Update 19 Dec 2016: Parsey McParseface is now installed in a Singularity image and can be used to parse English text. The image is available from Peter Uhrig.
This tutorial details how to setup the tools needed to build a multilingual text processing pipeline. We first show how to setup singularity containers for SyntaxNet and TreeTagger, so that they can be run on servers, even without root access.
Begin by installing singularity and debootstrap following Google's instructions.
Download the syntaxnet.def file and build a singularity container for syntaxnet using the following commands. Note that you would need 20GB of free space on your machine.
singularity create --size 20000 syntaxnet.img
sudo singularity bootstrap syntaxnet.img syntaxnet.def
This installs syntaxnet inside the container and also downloads parameter files for some languages. You can enter the container using:
singularity shell -w --cleanenv syntaxnet.img
You should now be able to run the different syntaxnet models after unzipping them. To unzip the files, go to the directory where it was downloaded (/opt/models/syntaxnet/syntaxnet/models/other_language_models in our case) and run unzip <filename>.
You should tokenize your text before passing it to the parser. This separates the punctuation marks from the words, thereby increasing accuracy of the parsers. Syntaxnet provides tokenizers for some languages, these can be found on github's tensorflow site. If it’s available it can be done as follows:
cat sentences.txt | syntaxnet/models/parsey_universal/tokenize.sh $MODEL_DIRECTORY > output.txt
Here, sentences.txt is the input file and the output of the tokenizer will be in output.txt. MODEL_DIRECTORY in our case was: /opt/models/syntaxnet/syntaxnet/models/other_language_models/<insert-language-name>
An already tokenized file can be parsed as follows:
cat sentences.txt | syntaxnet/models/parsey_universal/parse.sh $MODEL_DIRECTORY > output.txt
You should now have the parsed output from syntaxnet in output.txt.
Here we describe how to make a singularity container for treetagger. Treetagger is another parser and provides lemmatization (getting root words) too, which syntaxnet doesn’t.
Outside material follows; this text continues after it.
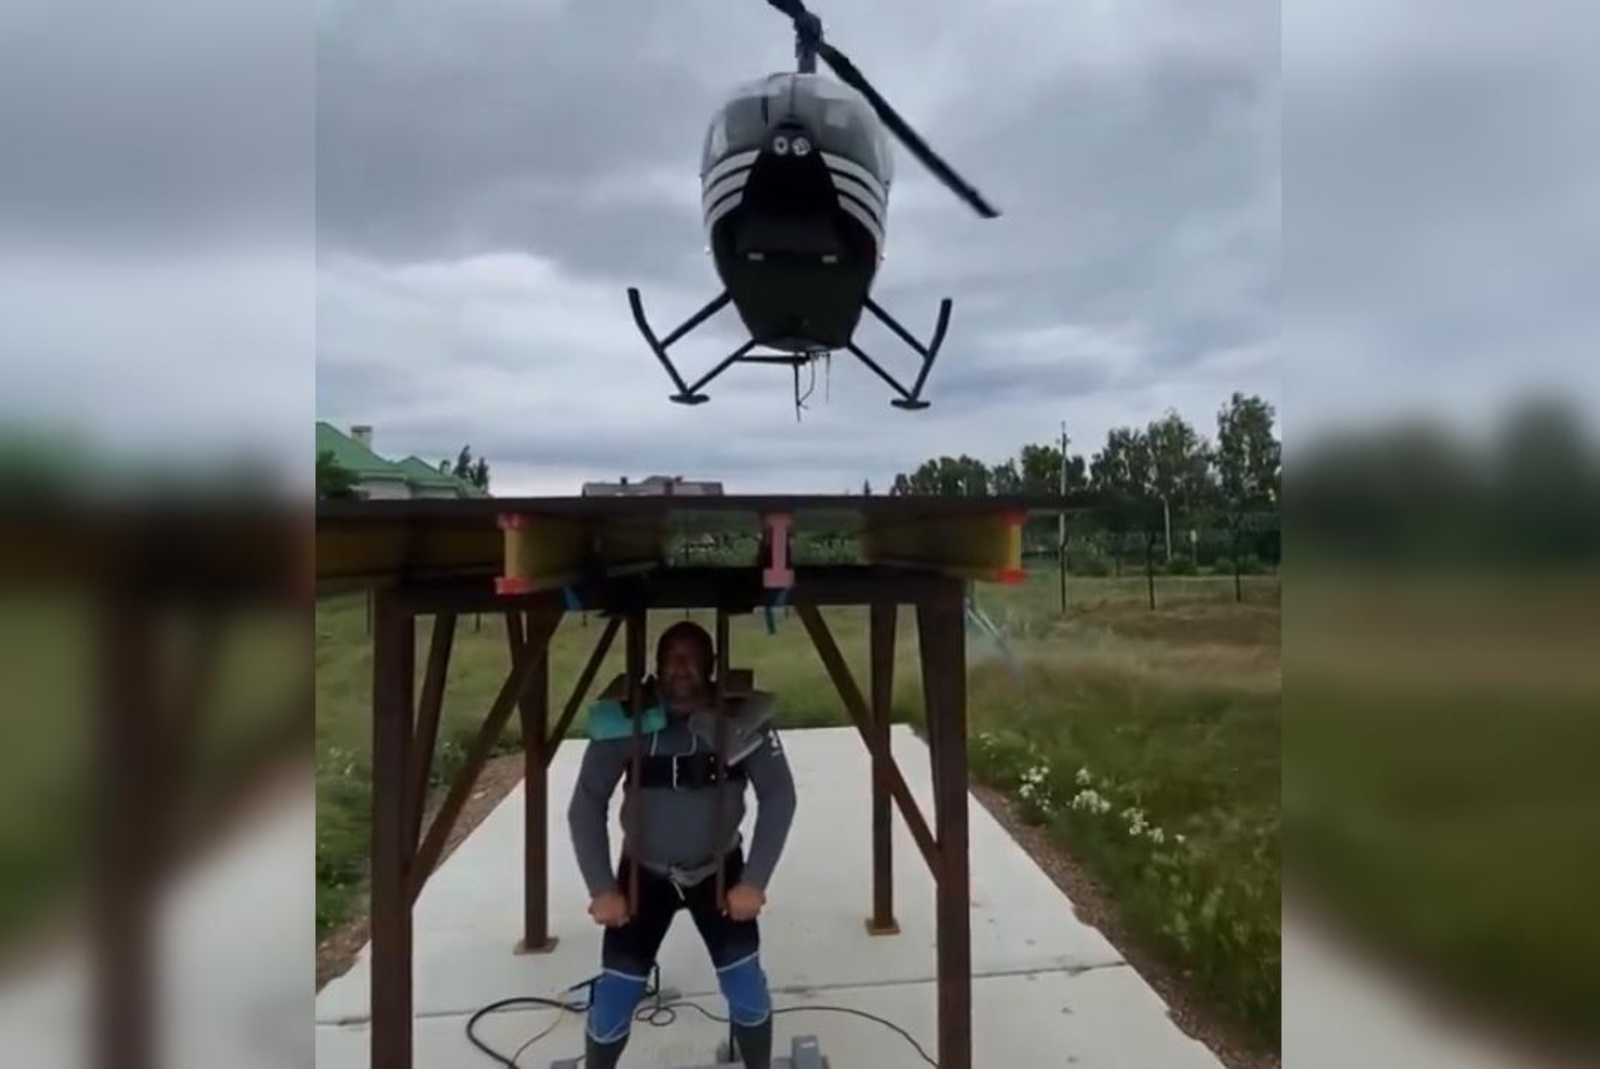 Эльбрус Нигматуллин поднял вертолёт весом 1476 кг и установил рекорд

The process is similar to what we did with syntaxnet.
Download the treetagger.def file and build the container as follows:
singularity create --size 5000 treetagger.img
sudo singularity bootstrap treetagger.img treetagger.def
Enter the container using:
singularity shell -w --cleanenv treetagger.img
The treetagger.def already contained scripts to download parameter files for a few languages. New languages can be downloaded by getting the corresponding link from the website. Note that you have to run install-tagger.sh after downloading new parameter files, to be able to use them.
To run the parser, goto the directory where treetagger was installed, (in our case /opt) and run:
cat input.txt | cmd/tree-tagger-<insert language name>
This will give the parsed text with corresponding lemmas as output.
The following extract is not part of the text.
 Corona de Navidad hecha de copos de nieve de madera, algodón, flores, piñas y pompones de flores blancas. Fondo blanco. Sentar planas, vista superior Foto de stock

The tree-tagger-<language> files contain commands to take the input text, tokenize and parse it. The output sometimes contains “<unknown>” in the lemma column for words the parser doesn’t recognize. This can be changed to output the same word in the lemma column by adding the “-no-unknown” tag to OPTIONS in the corresponding tree-tagger file in the cmd directory.
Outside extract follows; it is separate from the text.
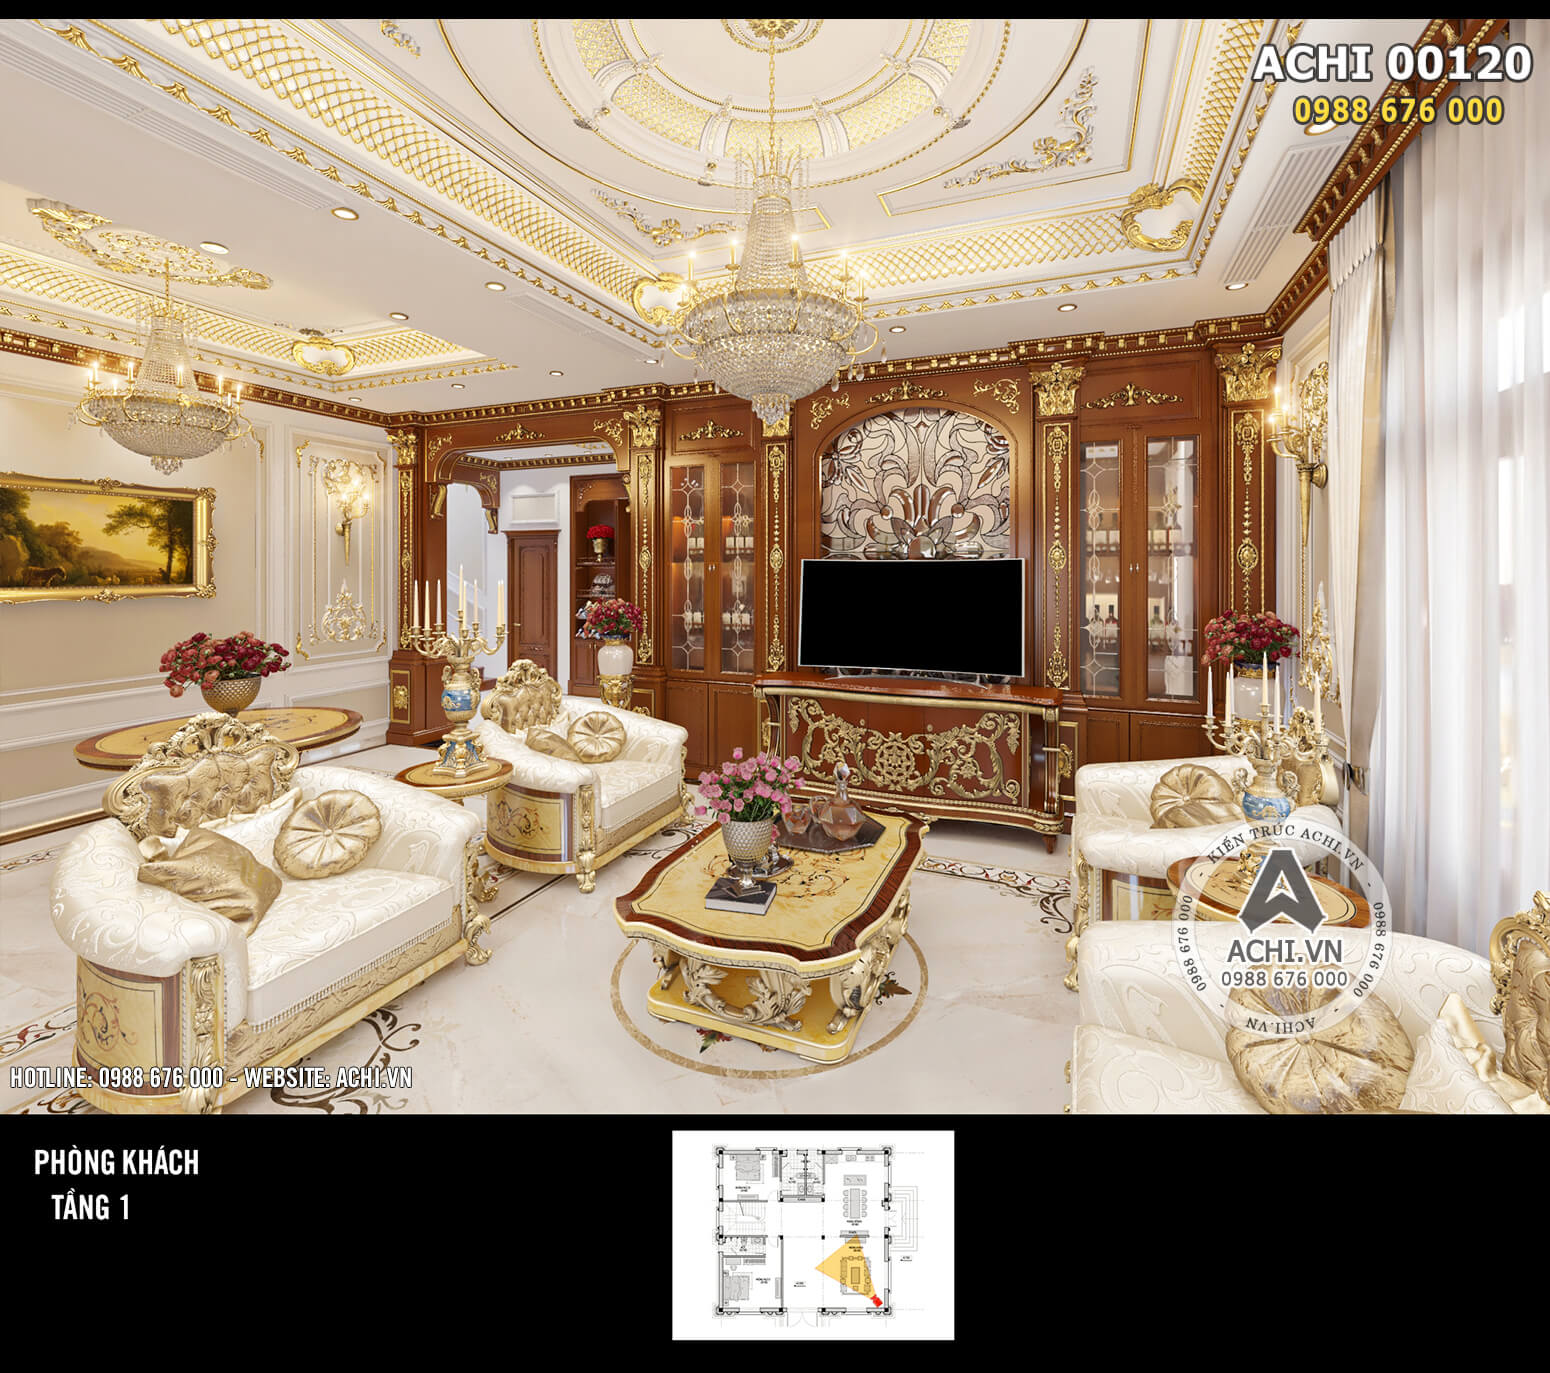 Mẫu thiết kế nội thất tân cổ đẹp nổi bật với không gian phòng khách - Mã số: ACHI 00120

OPTIONS="-no-unknown -token -lemma -sgml -pt-with-lemma"
Note for Portuguese: While running the script on portuguese, we noticed that both tree-tagger-portuguese and tree-tagger-portuguese-finegrained stop at the first special character and don’t give output after that nor any error. It turns out the script contained a 'grep' for removing blank lines, which was somehow eliminating the text after a special character. We found this could be avoided by commenting out line 23 in the file:
#grep -v '^$' |